▶ **WHAT IS BEING ASKED**
An exact restatement of all the data is required, with the pictures left out.

▶ **SUPPLIED INFORMATION**
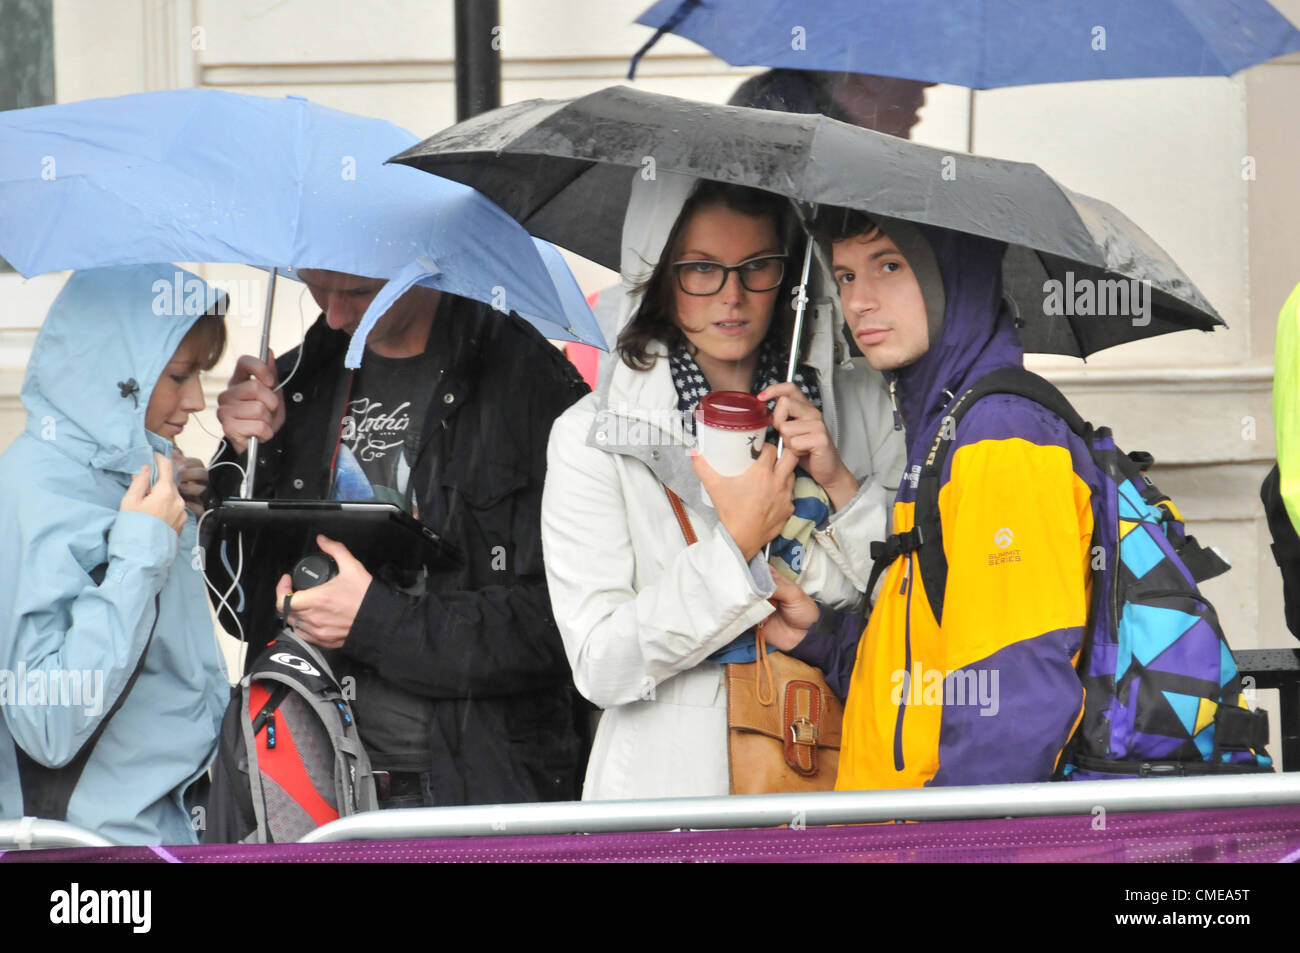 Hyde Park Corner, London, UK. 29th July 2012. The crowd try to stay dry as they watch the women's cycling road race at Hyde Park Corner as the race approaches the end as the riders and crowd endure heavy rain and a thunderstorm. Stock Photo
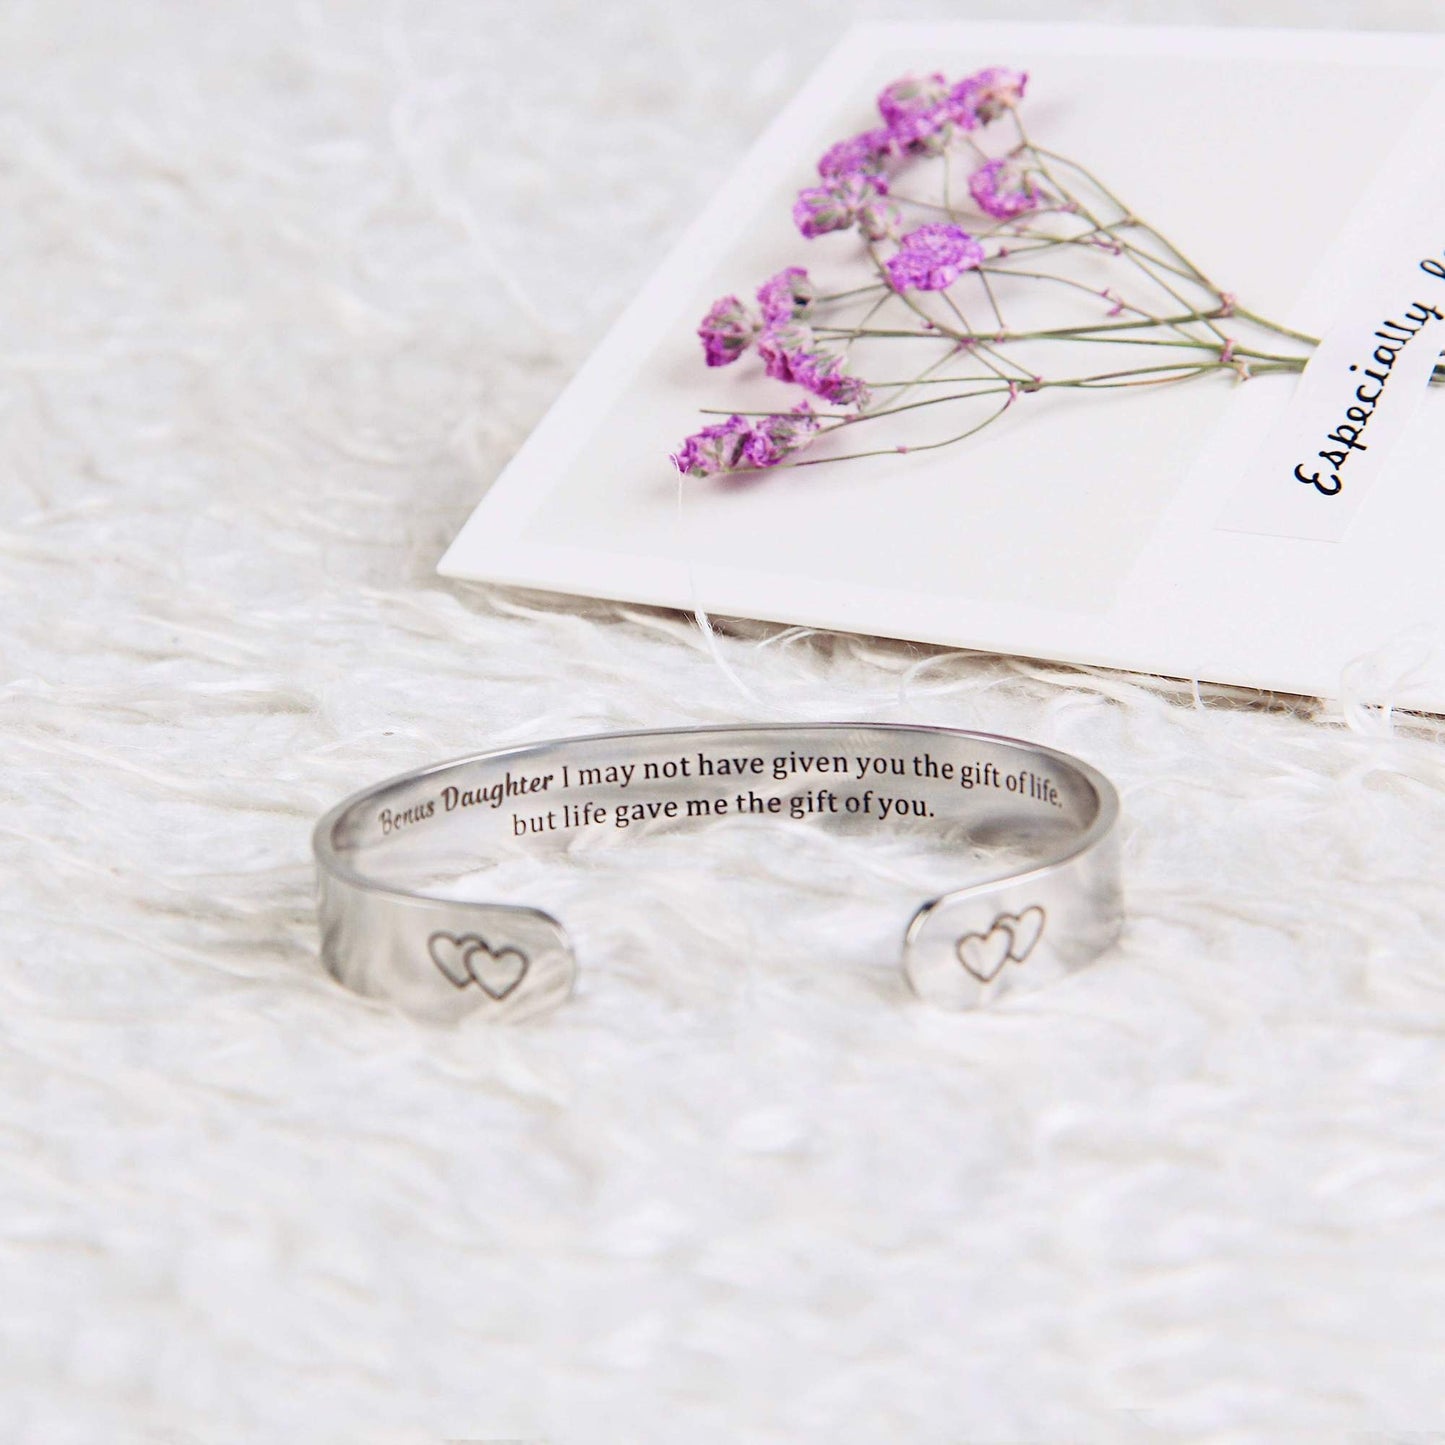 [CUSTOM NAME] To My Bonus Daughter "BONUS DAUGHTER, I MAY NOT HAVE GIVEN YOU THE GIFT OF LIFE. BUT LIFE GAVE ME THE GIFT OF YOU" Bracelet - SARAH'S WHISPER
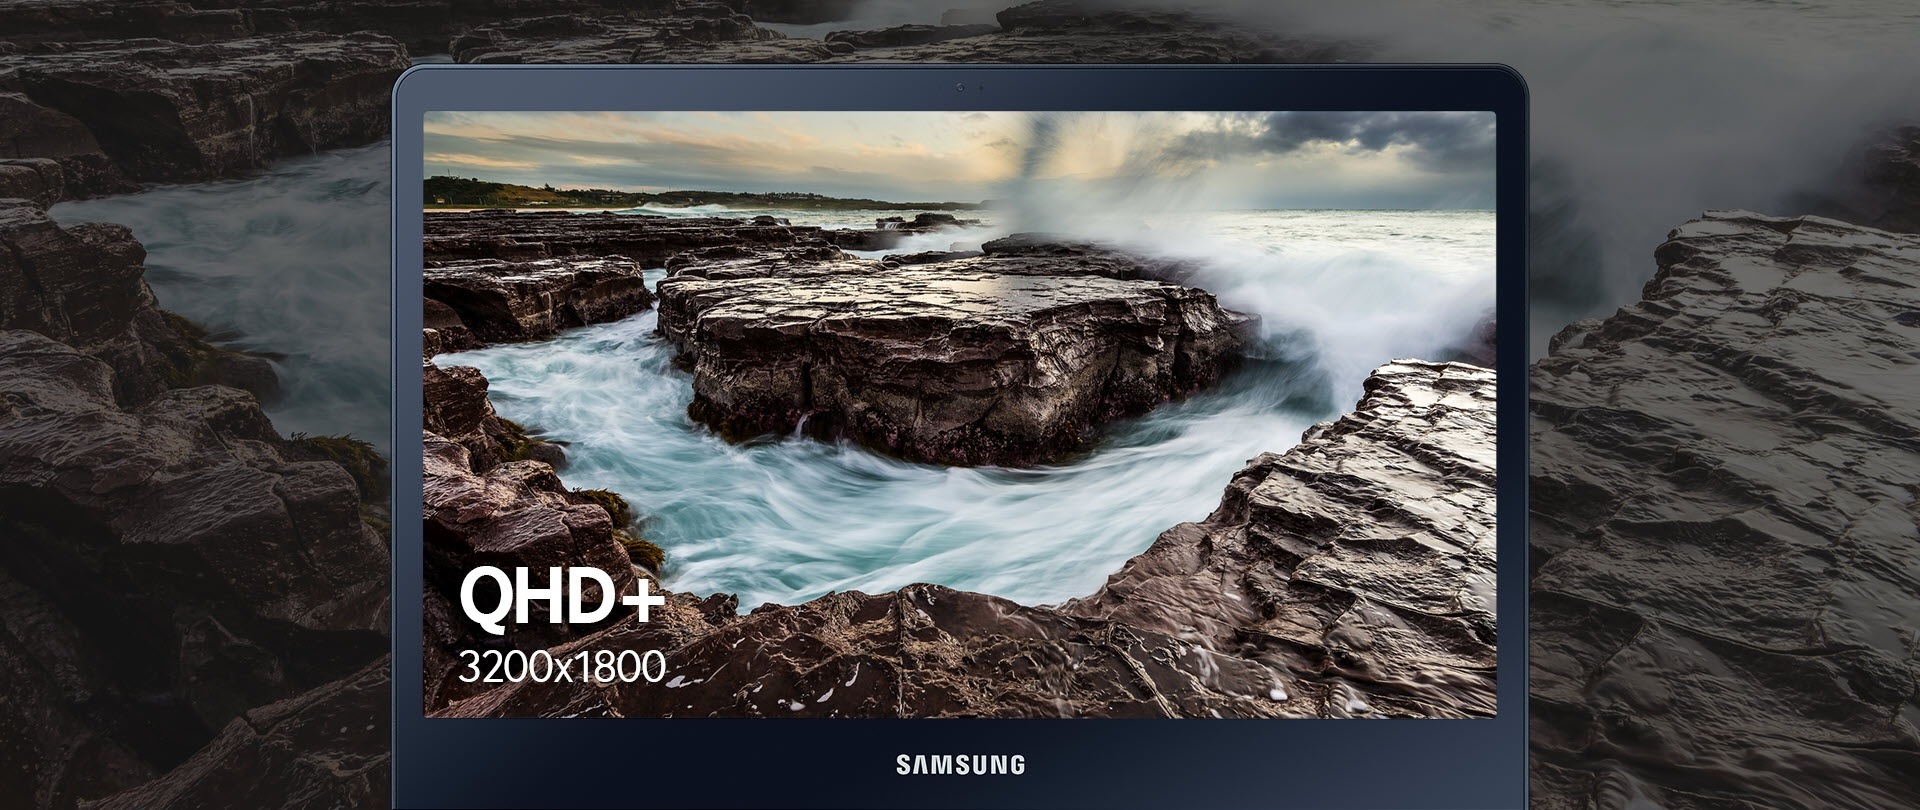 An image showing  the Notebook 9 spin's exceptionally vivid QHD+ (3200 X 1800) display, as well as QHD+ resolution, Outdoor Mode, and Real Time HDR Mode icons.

▶ **RESPONSE BOX**
 Hyde Park Corner, London, UK. 29th July 2012. The crowd try to stay dry as they watch the women's cycling road race at Hyde Park Corner as the race approaches the end as the riders and crowd endure heavy rain and a thunderstorm. Stock Photo
 [CUSTOM NAME] To My Bonus Daughter "BONUS DAUGHTER, I MAY NOT HAVE GIVEN YOU THE GIFT OF LIFE. BUT LIFE GAVE ME THE GIFT OF YOU" Bracelet - SARAH'S WHISPER
 An image showing  the Notebook 9 spin's exceptionally vivid QHD+ (3200 X 1800) display, as well as QHD+ resolution, Outdoor Mode, and Real Time HDR Mode icons.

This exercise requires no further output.